Traveling with cats


Traveling with cats

Most cats don’t like traveling, but if you take the right approach, you can minimize the stress, ensure the trip goes smoothly – and maybe even get your kitty to enjoy it.

Sooner or later, your cat is going to have to do some traveling. Whether it’s a vacation, a work-related move, evacuation due to natural disaster, or just his annual vet visit, no kitty can stay home all the time.

The majority of cats don’t enjoy traveling, as Charlotte Slater can attest. She has moved across the country, traveled for a summer internship, and evacuated because of hurricanes – and has taken her cats along for all of it. She recalls crossing the desert in Arizona/New Mexico. “One of my cats, Idea, didn’t like car rides and howled for the entire five-day cross-country trip,” she says. To make matters worse, the car’s air conditioner quit during the trip. In spite of the open windows, Idea overheated. “I found a gas station in the middle of nowhere. The air conditioning there and cool water on her body lowered her temperature, but it was scary.”

“Traveling with Calico, a former feral cat, was also extremely difficult,” Charlotte adds. “I live in the Florida Keys and one hurricane season we had to evacuate four or five times. At the hotel, Calico would hide. Once I thought she had escaped but I found her behind some furniture. In the commotion, I hit my head on a coffee table and almost knocked myself out. By the time we got home, she was fine but I had an egg-sized lump on my forehead as well as slash marks on my legs.”

“When traveling with cats, it’s better to be over-prepared than not,” advises Dr. Kathleen Miller, Director of Anti-Cruelty Behavior Research for the ASPCA. “If the car breaks down, a plane is delayed or other mishaps occur, what should have been a short trip can look like an episode of Gilligan’s Island – the three-hour tour that turned into a shipwreck.”

Taking your cat places doesn’t have to be this stressful. Here’s how some cat lovers turned their kitties into veteran travelers.

• To get her kitten used to the car, M. D. Robin took her on short rides to the grocery store, and then sat in the car with her. “I started with 15-minute trips and worked up from there,” says M.D. “Now, when we travel, Zia sleeps during the day but in the evening she loves to watch tractor trailers go by. She also loves to people watch. So far, Zia’s been in 16 states.”

• Remie is used to both cars and planes. Now aged two, she’s been traveling since she was four months old. “When she goes with us on flights she wears a harness so we can easily take her through security screenings,” says Erin Lumpkin. “Otherwise we don’t make too many adjustments. We withhold food and water four hours before leaving for the airport so there’s no issue with motion sickness.
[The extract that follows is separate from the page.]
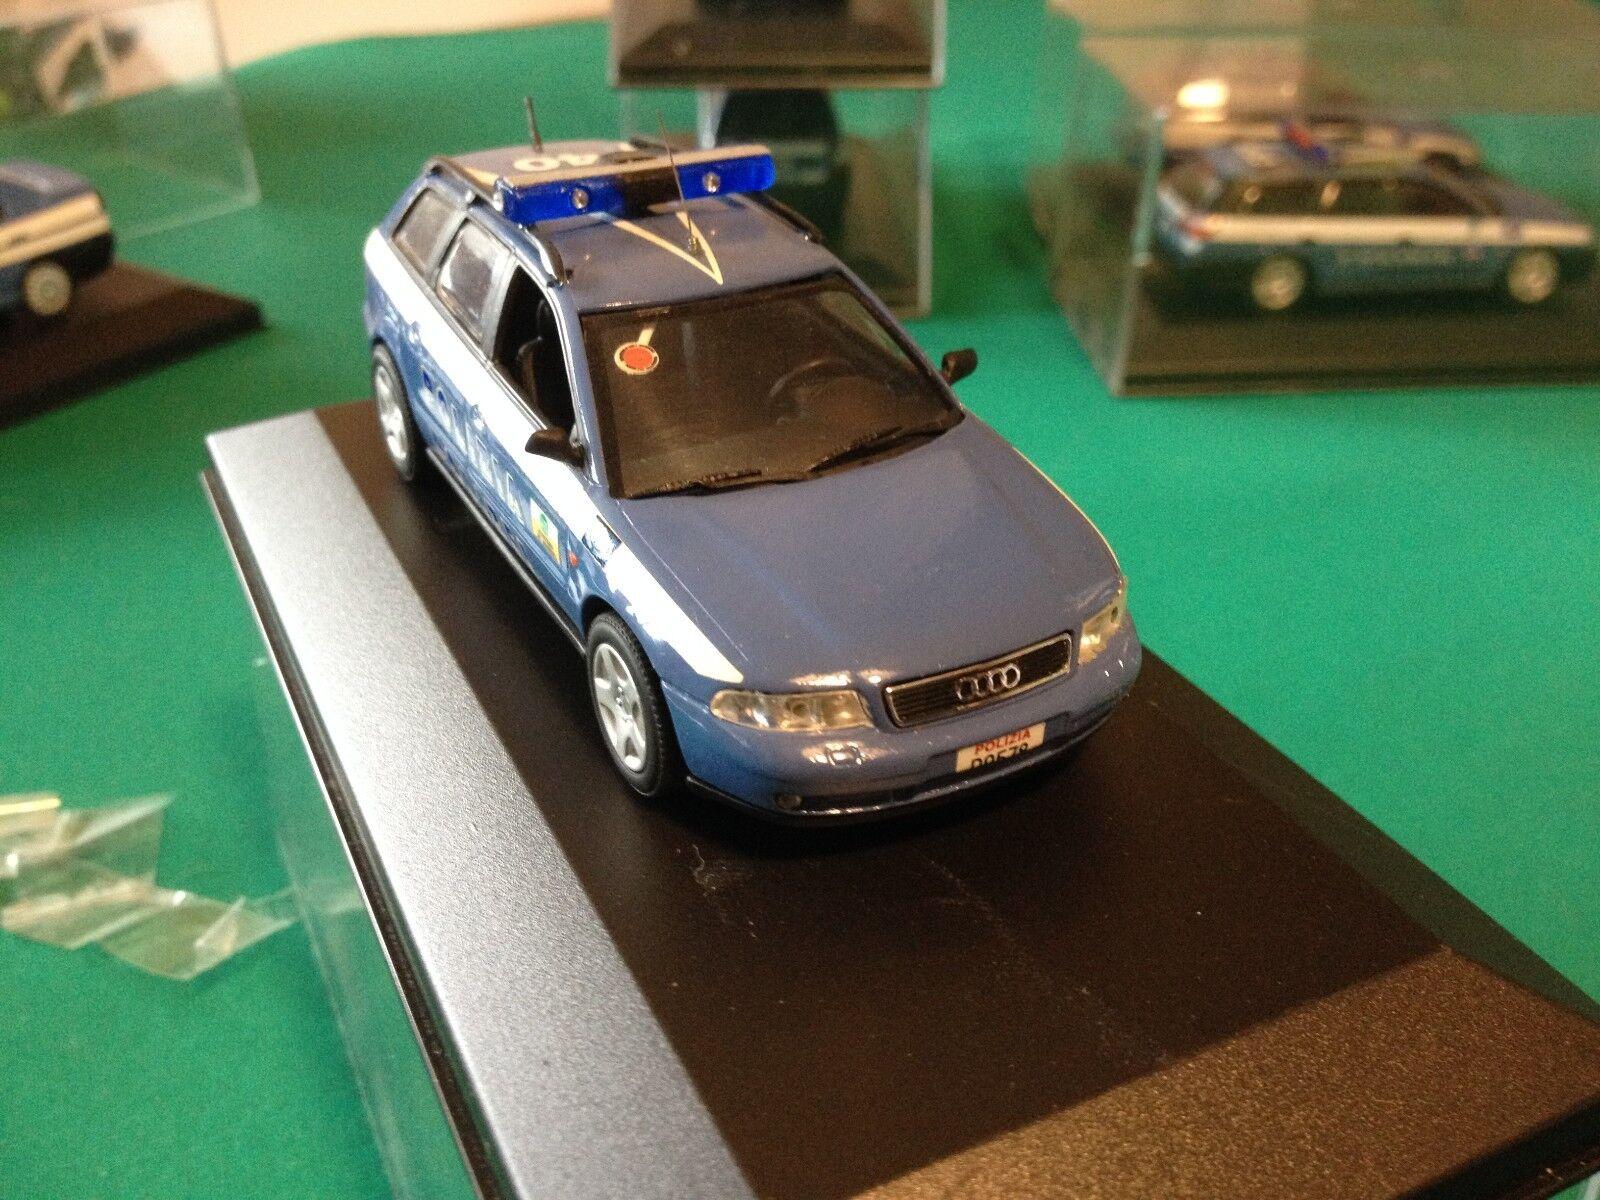 AUDI A4 AVANT I SERIE  POLIZIA AUTOSTRADALE BILINGUE  -POLICE   IN SCALA 1/43
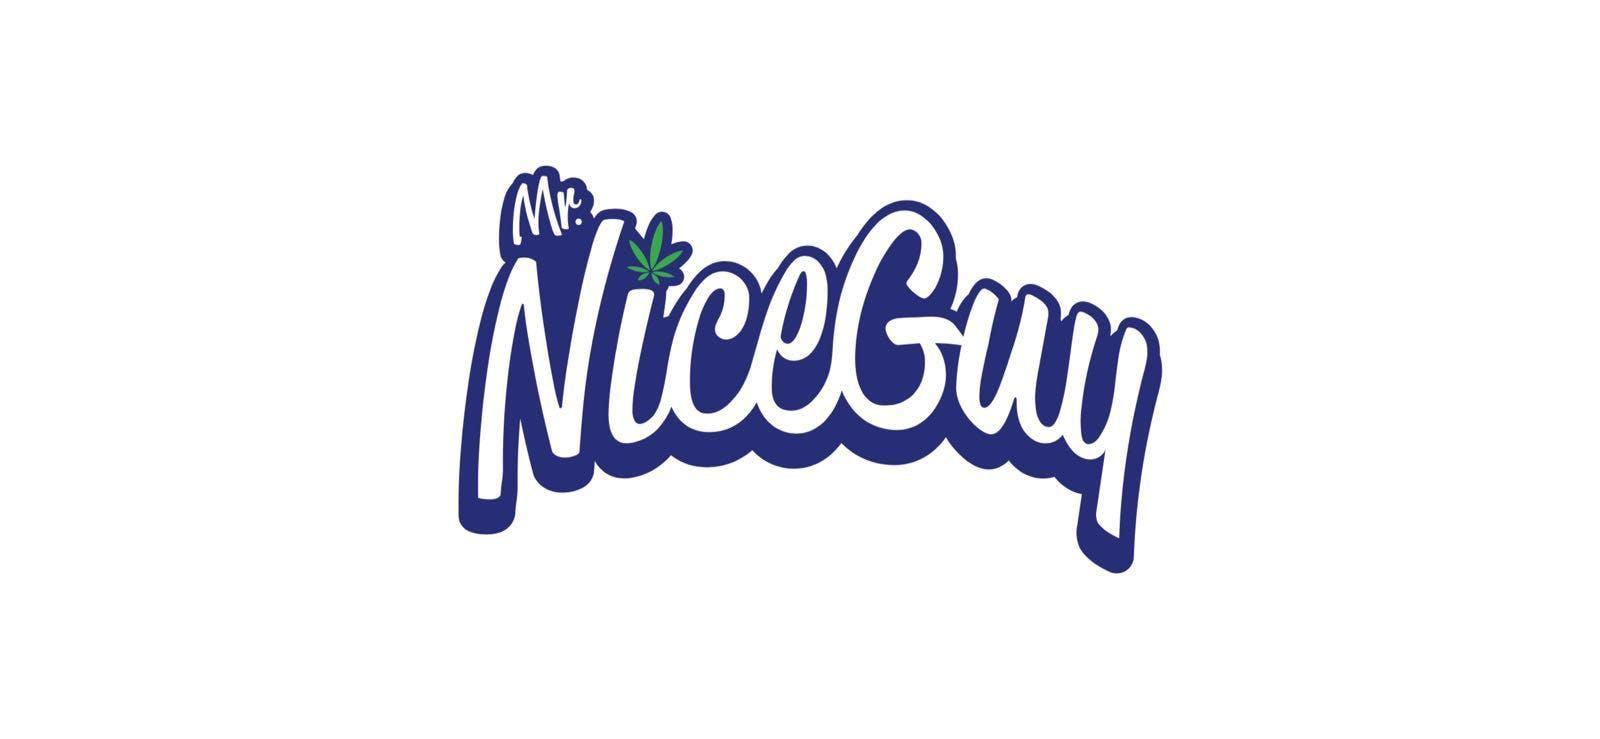 Mr Nice Guy.jpg

We bring a blanket to put over her carrier on the plane. Zia also stays in her crate to and from the hotel. We bring her favorite blankets, toys, food, water and litter. We’ve learned to ask for a room with a view so she can look out and see people going by.”

• “Our travel was not recreational,” says Peggy Bendel. “For many years, we split our time between homes in Arizona and New York. For nine years (18 trips) we traveled back and forth in a van with our seven cats, a four-day trip each way. Each cat was in his own carrier and wore a harness with an attached tag that said ‘reward’ with my name and cell phone number. The harnesses stayed on throughout the trip.” An attached leash helps prevent escape and makes for an easy catch if the cat tries to hide in a small space.

Over time, many cats become seasoned travelers and may even come to enjoy it. “My Birmans, Calin and Cody, love traveling,” says Charlotte. “When we arrive at the hotel, they like to explore the room and signify their approval with head butts and purrs!”